Commenting on the most recent reporting on Atarot, an anonymous source confirmed the geostrategic importance of the Atarot area, saying that, “this is about securing Israel’s hold on northern Jerusalem”.
The Palestinian human rights group Al-Haq this week published a new, deeply researched legal report, entitled “Israeli Apartheid: Tool of Zionist Settler Colonialism”. The report was endorsed by several other prominent Palestinian civil society groups including Al-Mezan and the Palestinian Centre for Human Rights.
Al-Haq, echoing decades of Palestinian scholarship, has described the situation in Palestine as “apartheid” for decades. With the recent mainstreaming of the apartheid framework (most notably with the adoption of the term by Btselem, Human Rights Watch, and Amnesty International), this new report is an important contribution, in that it documents and explains why it is important to understand the situation of Palestine as a case of settler colonialism. Al-Haq writes:
“In this report, we analyse Israeli apartheid as a tool of Zionist settler colonialism. We do so in order to bring forward the eliminatory and population transfer logic of Israel’s apartheid system and its effort to displace and replace the indigenous Palestinian people on the land of Palestine. Palestinians have advocated for applying established decolonisation praxis in countering Israeli apartheid, recognising apartheid as a form of settler colonialism rather than pursuing a notion of ‘liberal equality’ without decolonisation…While we are encouraged by the growing global recognition of Israeli apartheid, we note that Zionist settler colonialism and its eliminatory and population transfer logic remain missing from recent analyses and reports on apartheid by Israeli and international human rights organisations such as Yesh Din, B’Tselem, Human Rights Watch, and Amnesty International. It is this gap that the present report seeks to fill.”

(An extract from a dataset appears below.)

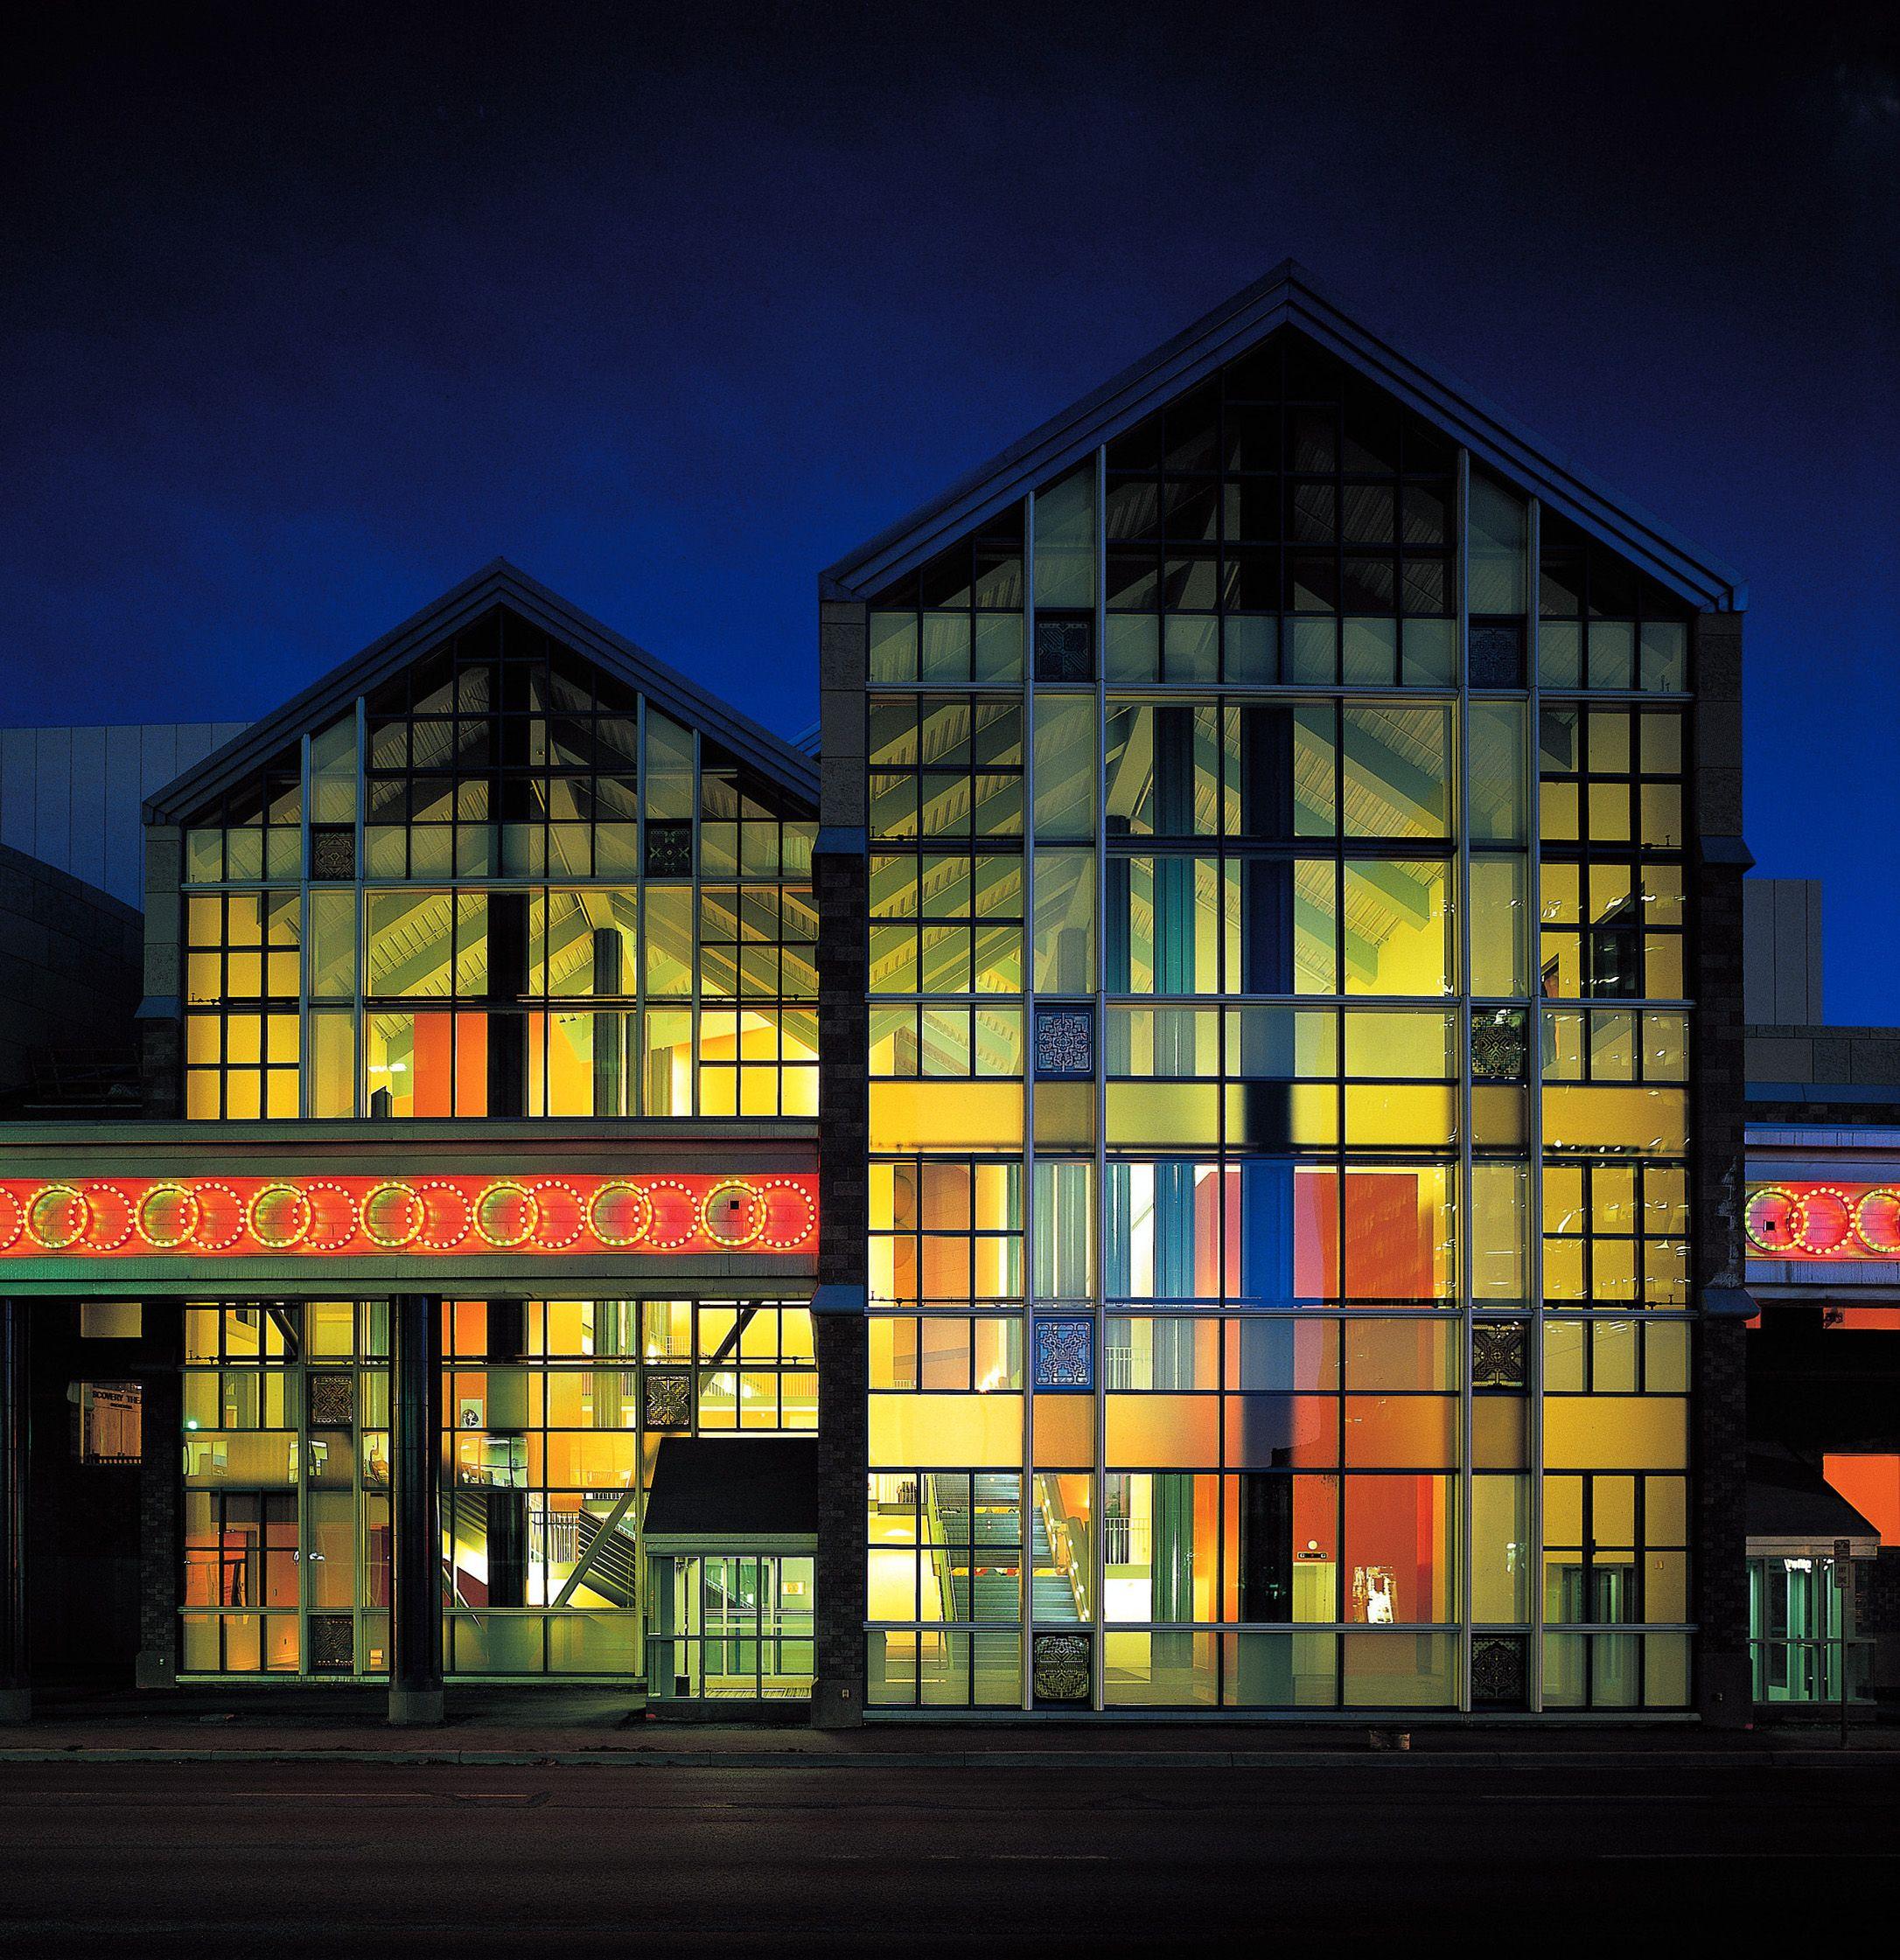 Color art anchorage - Alaska Center For The Performing Arts Anchorage Ak

On December 1st, Netanyahu announced a coalition deal with the Religious Zionist Party, the far-right, pro-annexationist party headed by Bezalel Smotrich. Under the deal, Smotrich will be named to the powerful post of Finance Minister for two years. In addition, Smotrich will be in charge of appointing a deputy Defense Minister with specific authority over settlement matters within the Civil Administration and COGAT (Coordinator for Government Activities in the Territories) — in effect giving Smotrich far-reaching powers over settlements and issues like land registration, settlement construction, and the demolition of Palestinian construction in Area C of the West Bank. Channel 12 News in Israel reports that Smotrich is likely to name himself to this key role.
Prior to the coalition deal being announced, Smotrich had pressed Netanyahu to give him direct power over the Civil Administration by changing the chain of command so that the head of the Civil Administration reported directly to Smotrich on non-defense-related matters. At the time, Haaretz reported that Smotrich had a keen interest in overseeing Israel enforcement of construction regulations and demolitions in Area C, reporting:
“Smotrich is particularly interested in the unit of the [Civil Administration] that oversees illegal construction in the West Bank and has said that he would make it a priority to address illegal Palestinian construction in Area C – the area under full Israeli control. The unit oversees construction in Area C by both Jews and Palestinians, and the priorities of the unit are currently set by the defense minister and the head of the IDF’s Central Command. Smotrich is interested in changing that.”
Smotrich has in many ways led the effort by settlers and their allies to more aggressively enforce Isreali building law against Palestinians construction in Area C. It is worth recalling that Smotrich is a co-founder of Regavim, a radical settler group that works to dispossess Palestinians of their land and property in the West Bank by “helping” the Israeli government to enforce planning and building laws. Ironically, Smotrich currently lives in the Kedumim settlement in a house that is located inside of an enclave of privately owned Palestinian land that is not included in the settlement’s Master Plan, making it illegal even under Israeli law.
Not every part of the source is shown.